Available data:

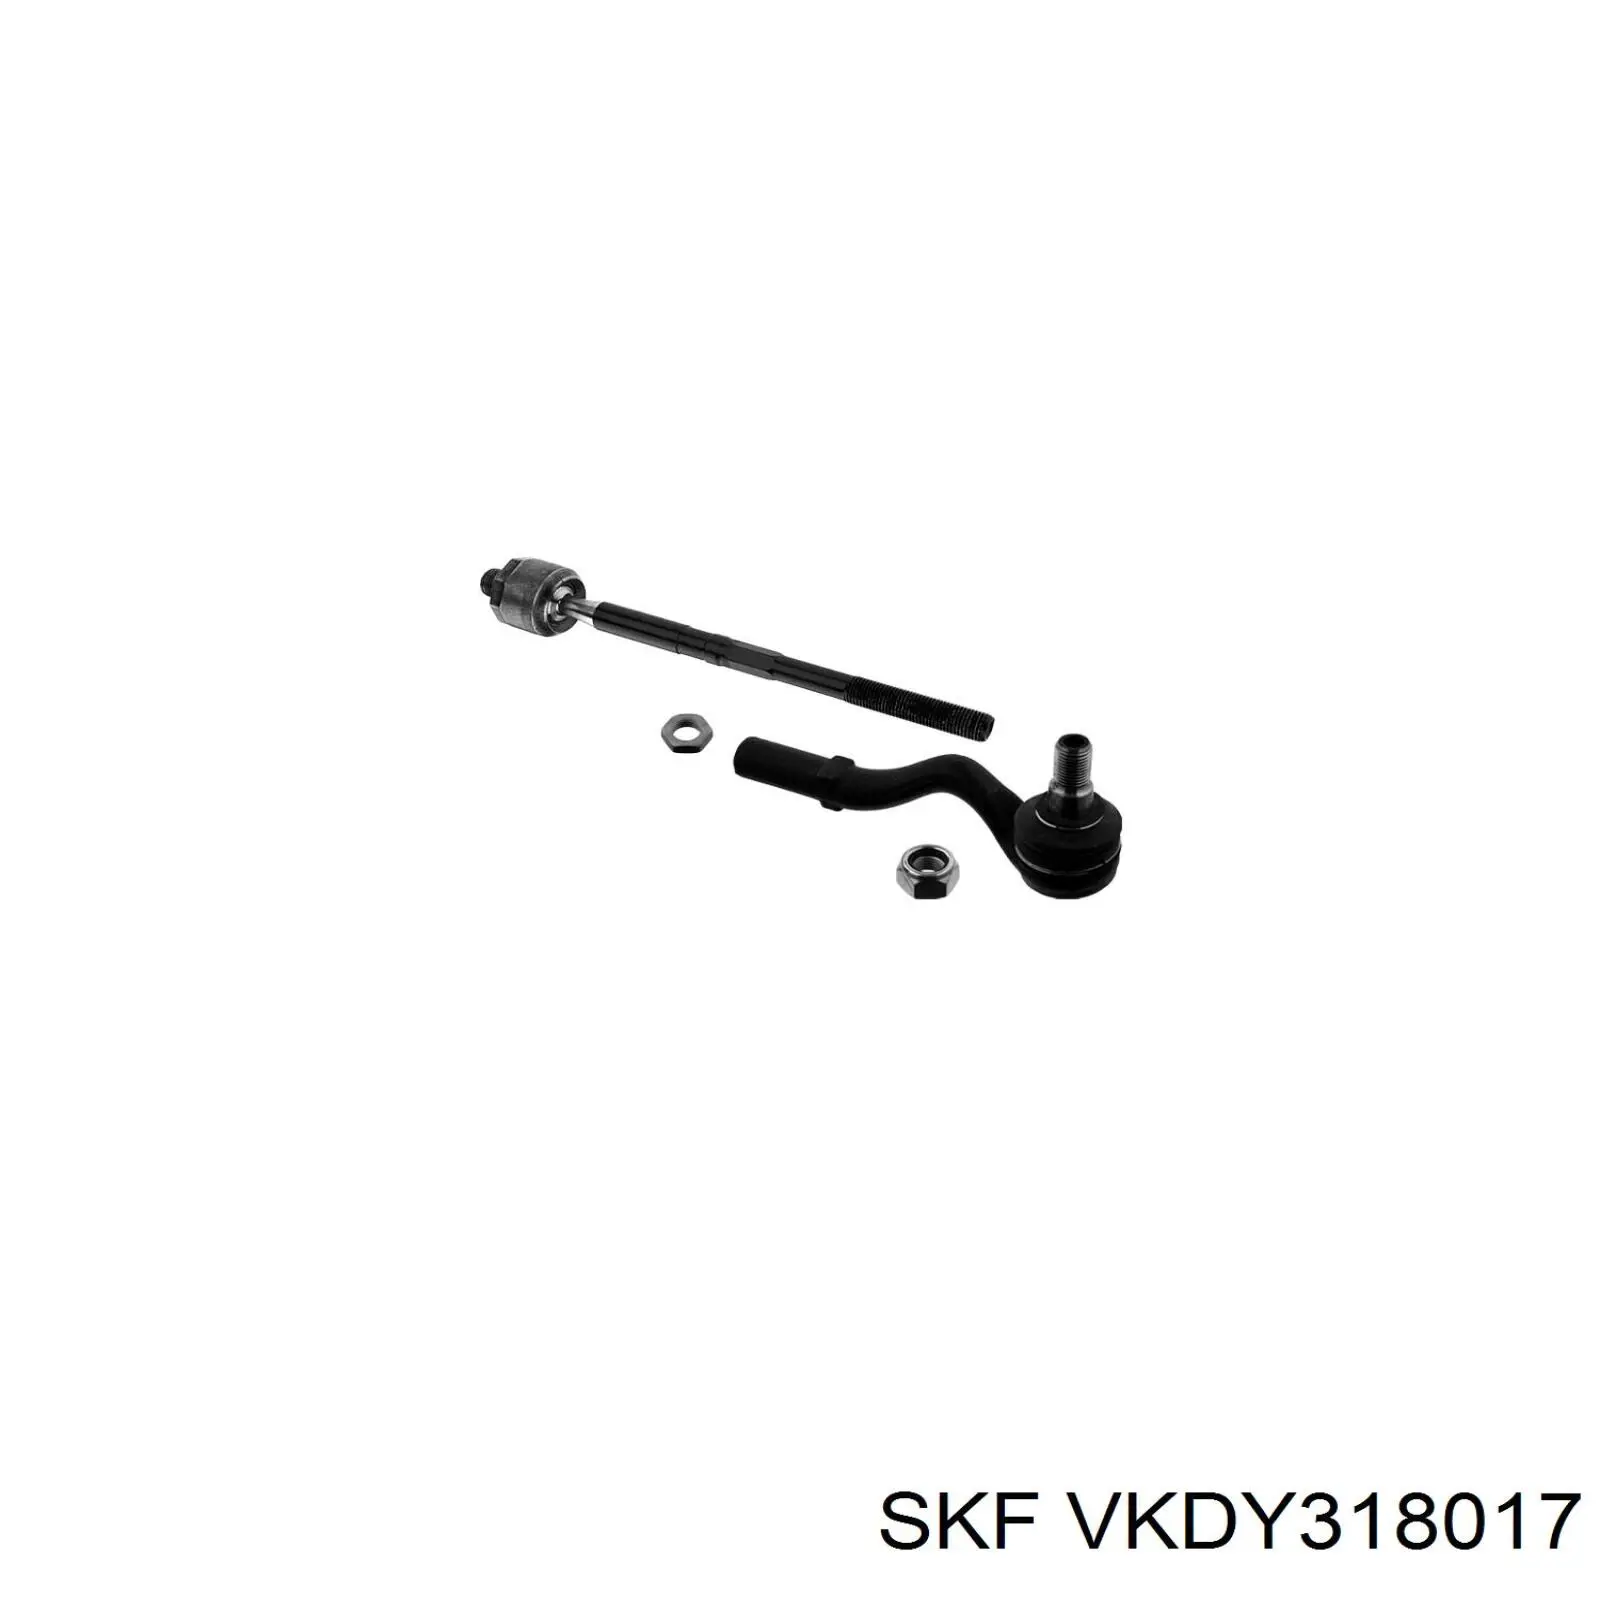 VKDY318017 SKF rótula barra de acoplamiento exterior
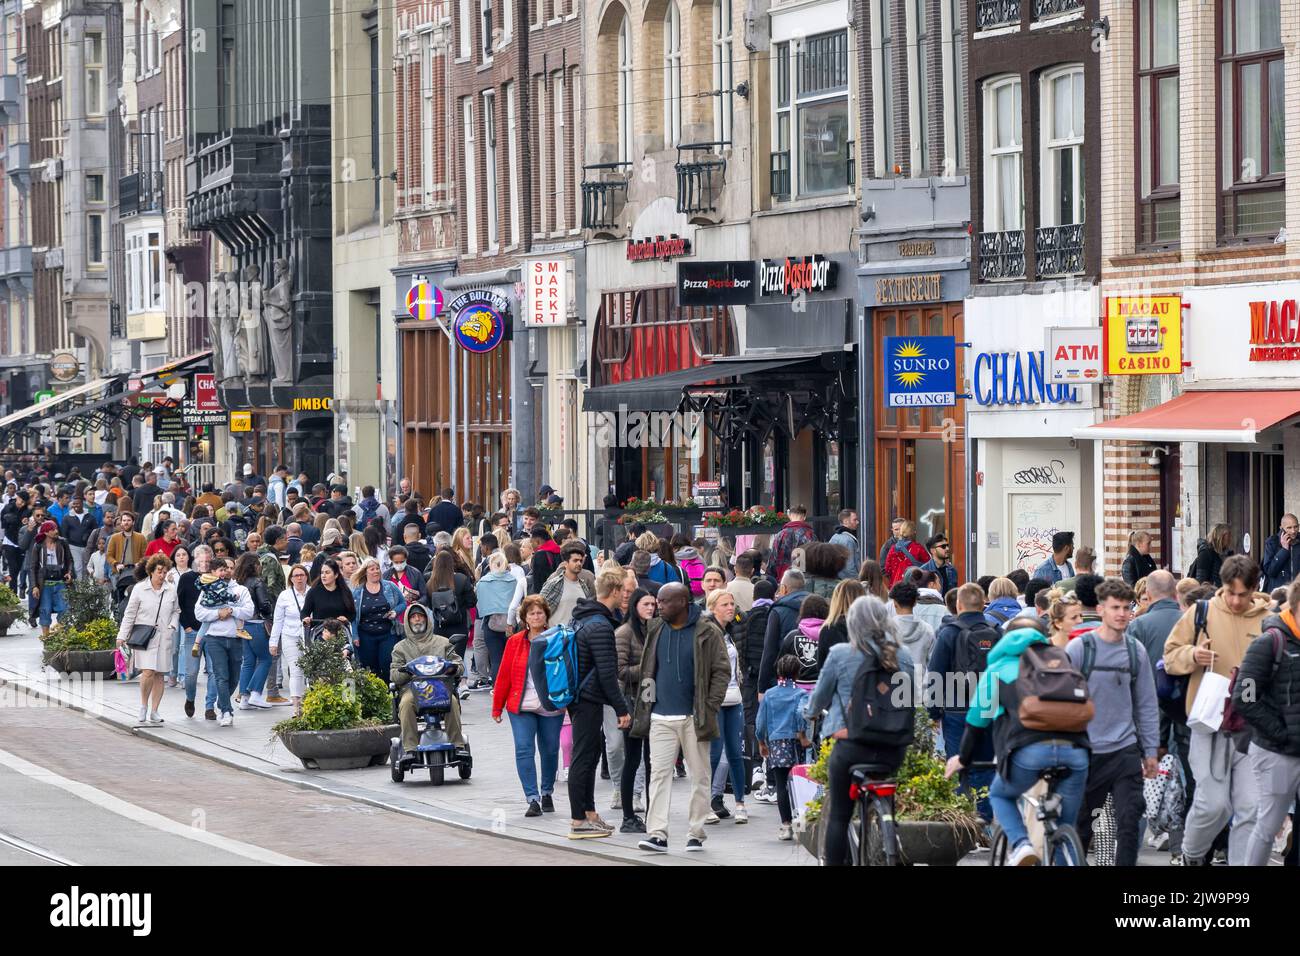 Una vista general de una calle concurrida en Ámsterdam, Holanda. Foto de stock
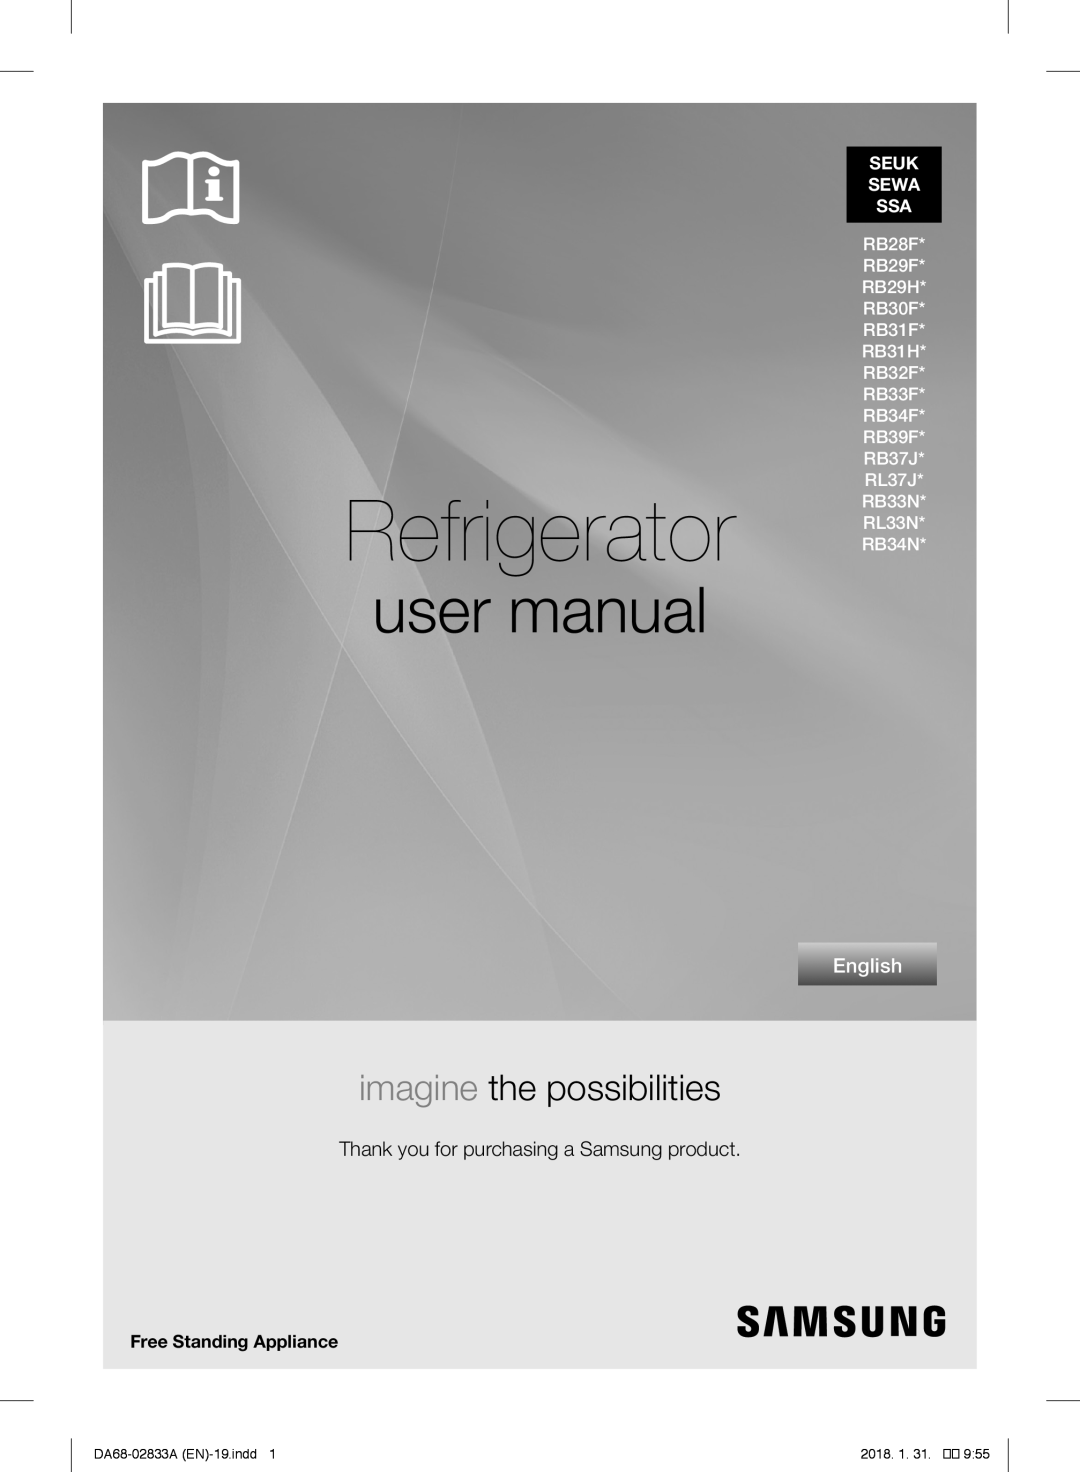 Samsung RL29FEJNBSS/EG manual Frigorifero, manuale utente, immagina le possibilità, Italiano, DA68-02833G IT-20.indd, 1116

What you have to do:
Quote in full the listing given above; the images are to be left out.

Result of the exercise:
 VKDY318017 SKF rótula barra de acoplamiento exterior
 Una vista general de una calle concurrida en Ámsterdam, Holanda. Foto de stock
 Samsung RL29FEJNBSS/EG manual Frigorifero, manuale utente, immagina le possibilità, Italiano, DA68-02833G IT-20.indd, 1116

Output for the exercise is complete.